Verify that the following prerequisites are met before starting the CCP.
Install the SUNWccon package on the administrative console.
Make sure the PATH variable on the administrative console includes the Sun Cluster tools directory, /opt/SUNWcluster/bin, and /usr/cluster/bin. You can specify an alternate location for the tools directory by setting the $CLUSTER_HOME environment variable.
Configure the clusters file, the serialports file, and the nsswitch.conf file if using a terminal concentrator. The files can be either /etc files or NIS/NIS+ databases. See clusters(4) and serialports(4) for more information.
Determine if you have a Sun Enterprise 10000 server platform.
If no, proceed to Step 3.
If yes, log into the System Service Processor (SSP) and connect by using the netcon command.

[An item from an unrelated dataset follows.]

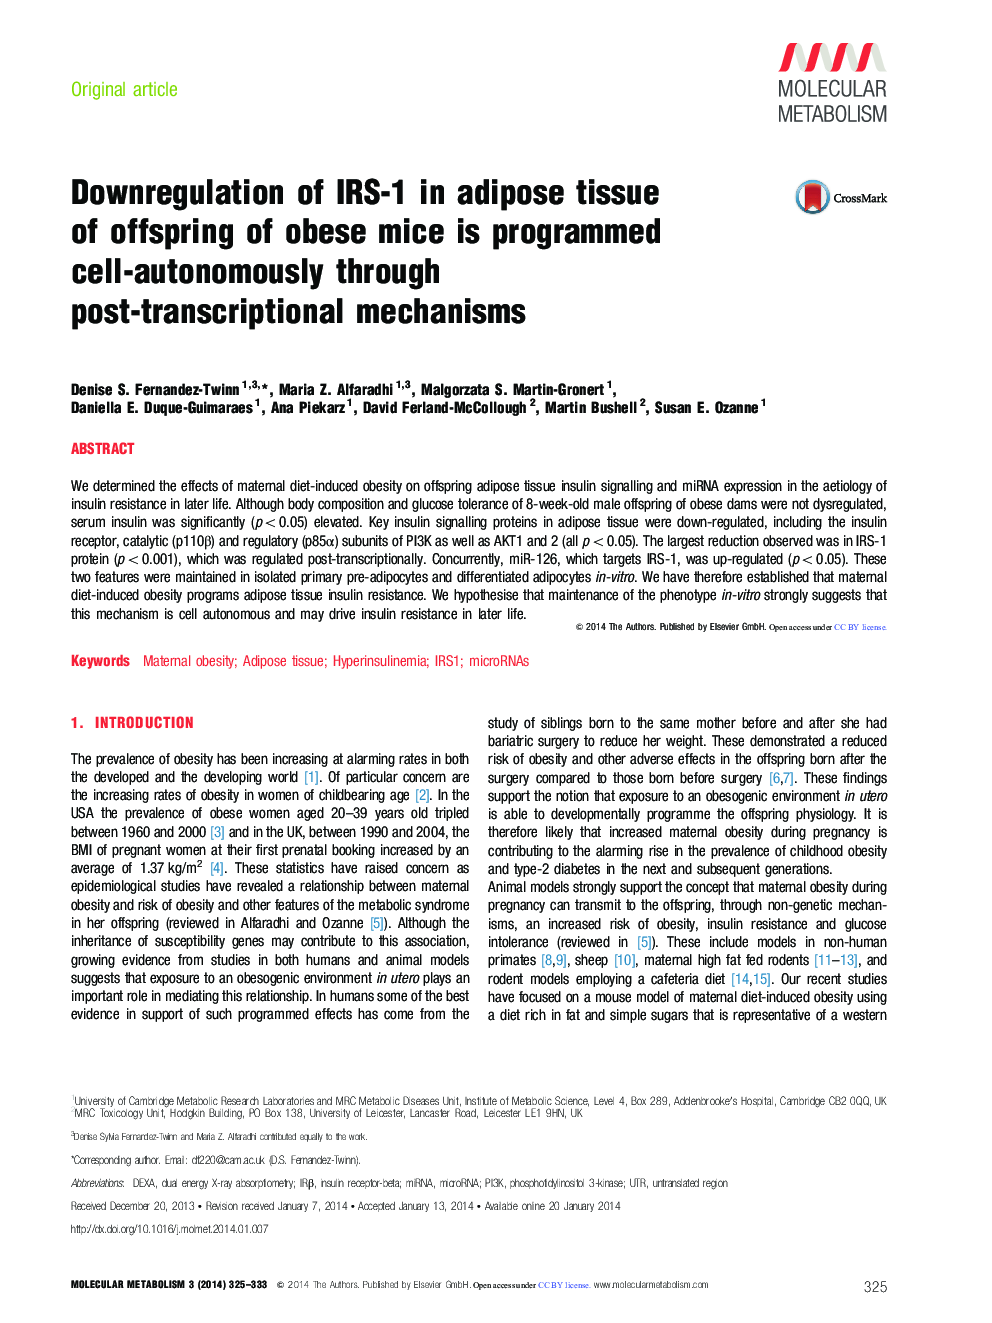 Downregulation of IRS-1 in adipose tissue of offspring of obese mice is programmed cell-autonomously through post-transcriptional mechanisms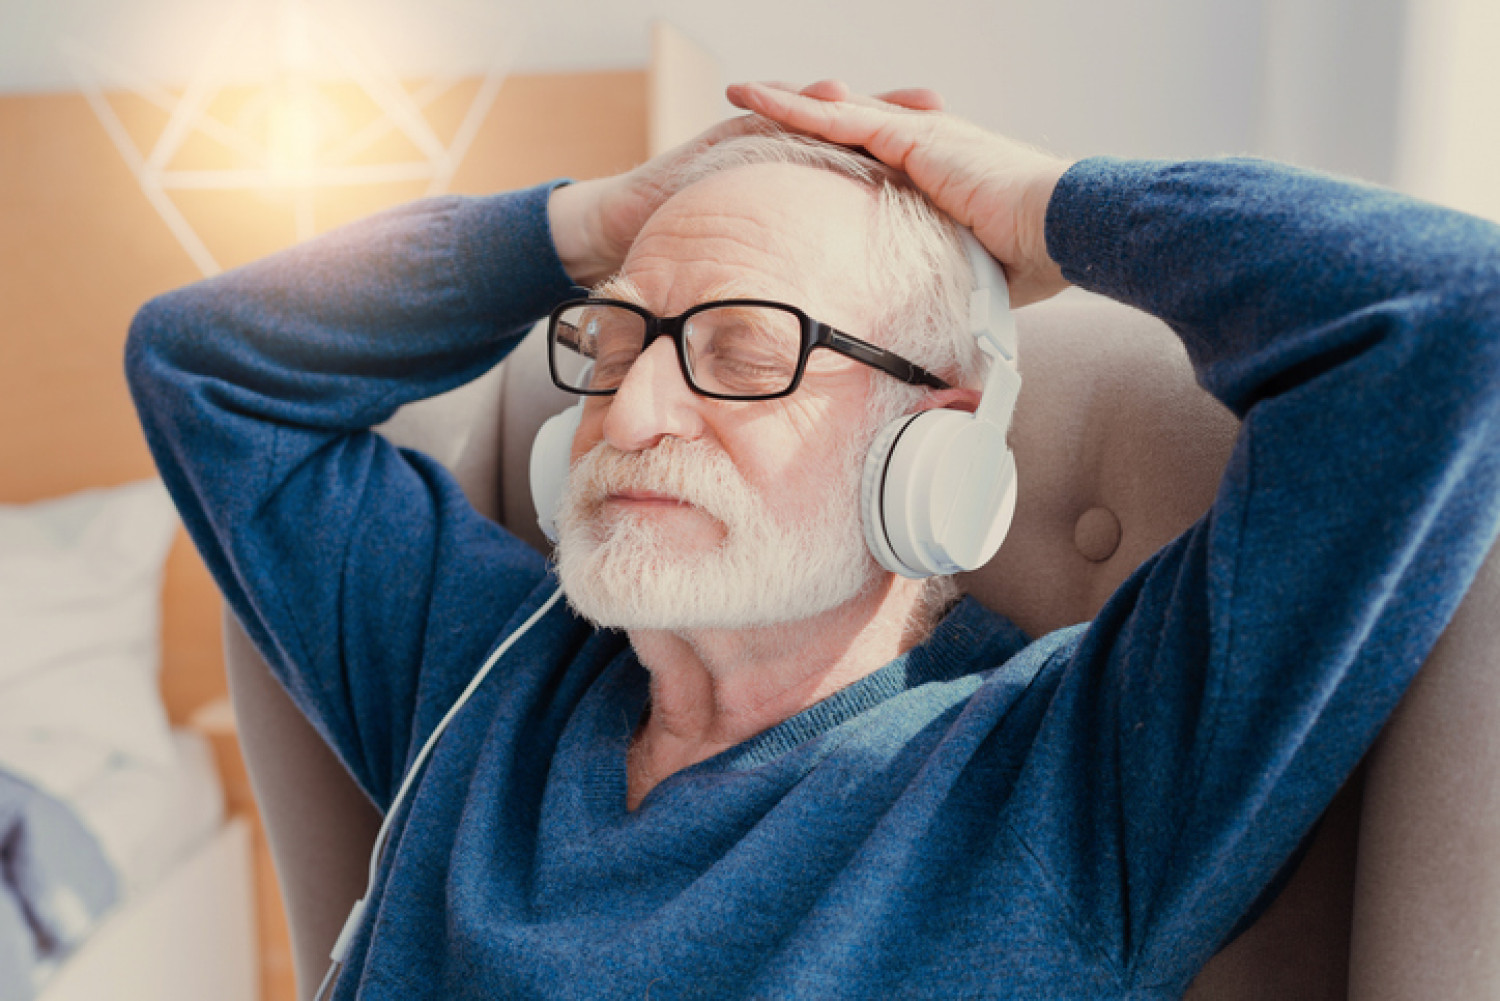 Elderly man relaxes with headphones, enjoying music therapy for dementia.

After the connection is made, type Shift~@ to unlock the console and gain write access.
Start the CCP launch pad.
From the administrative console, type the following command.
# ccp clustername |
The CCP launch pad is displayed.
To start a remote session with the cluster, click either the cconsole, crlogin, or ctelnet icon in the CCP launch pad.
You can also start cconsole, crlogin, or ctelnet sessions from the command line.

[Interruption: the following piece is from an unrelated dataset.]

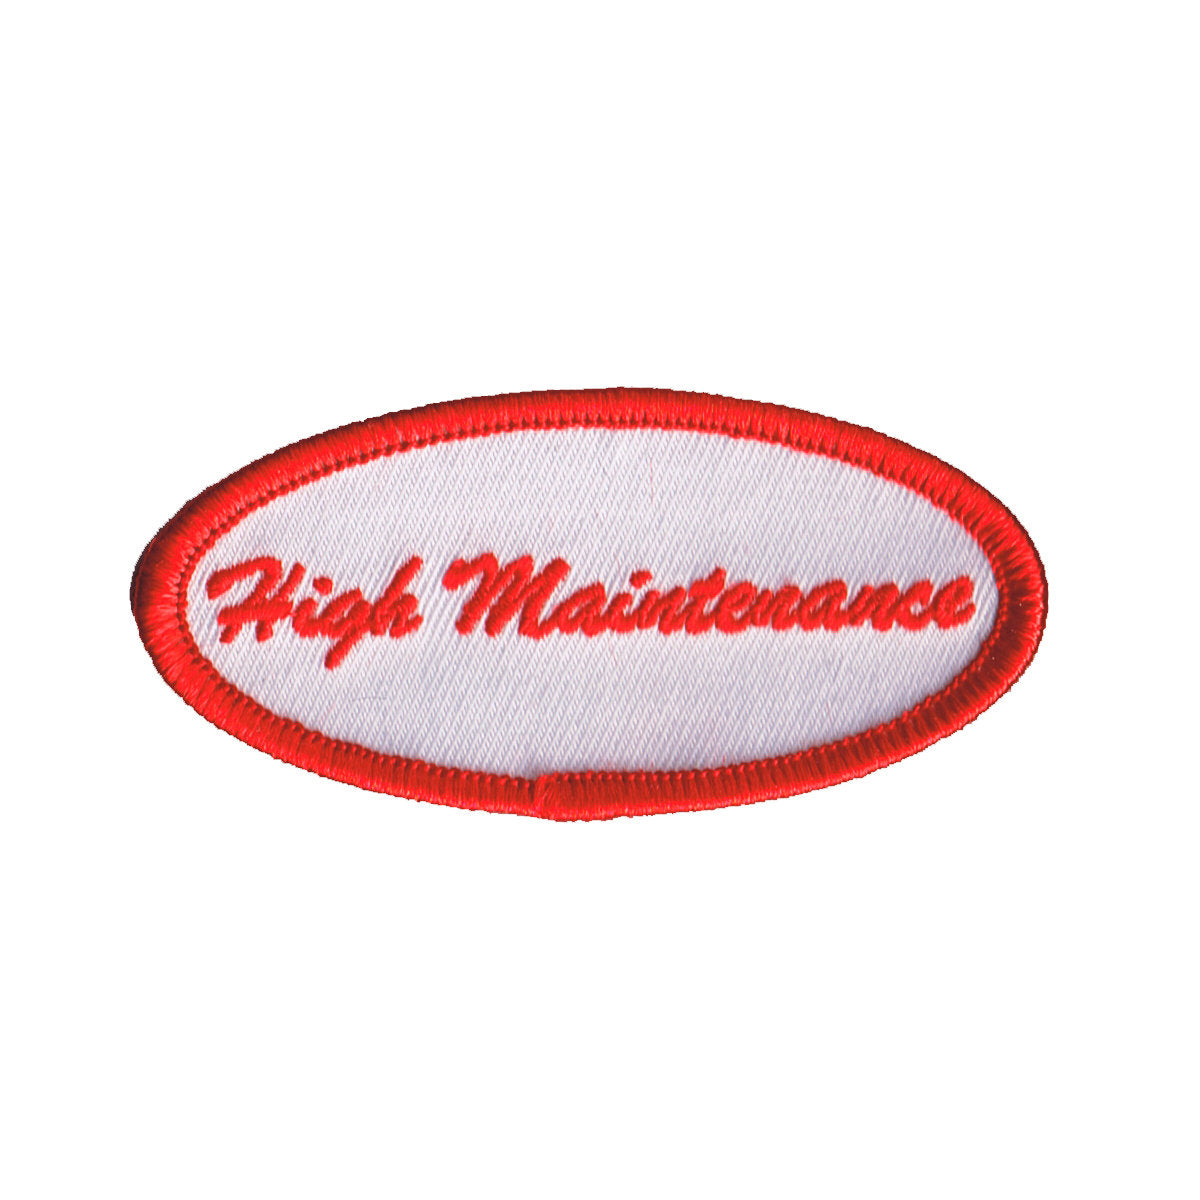 Embroidered Name Patches Work Shirts

The scsetup(1M) utility enables you to interactively configure quorum, resource group, cluster transport, private hostname, device group, and new node options for the cluster.
Become superuser on any node in the cluster.
Enter the scsetup utility.
# scsetup |
The Main Menu is displayed.
Make your configuration selection from the menu. Follow the onscreen instructions to complete a task.
See the scsetup online help for more information.
You do not need to be logged in as superuser to perform these procedures.
Display the Sun Cluster patch numbers.
Sun Cluster update releases are identified by the main product patch number plus the update version.
% showrev -p |
Display the Sun Cluster release number and version strings for all Sun Cluster packages.
% scinstall -pv |
The following example displays the cluster's release number.
% showrev -p | grep 110648 Patch: 110648-05 Obsoletes: Requires: Incompatibles: Packages: |
The following example displays the cluster's release information and version information for all packages.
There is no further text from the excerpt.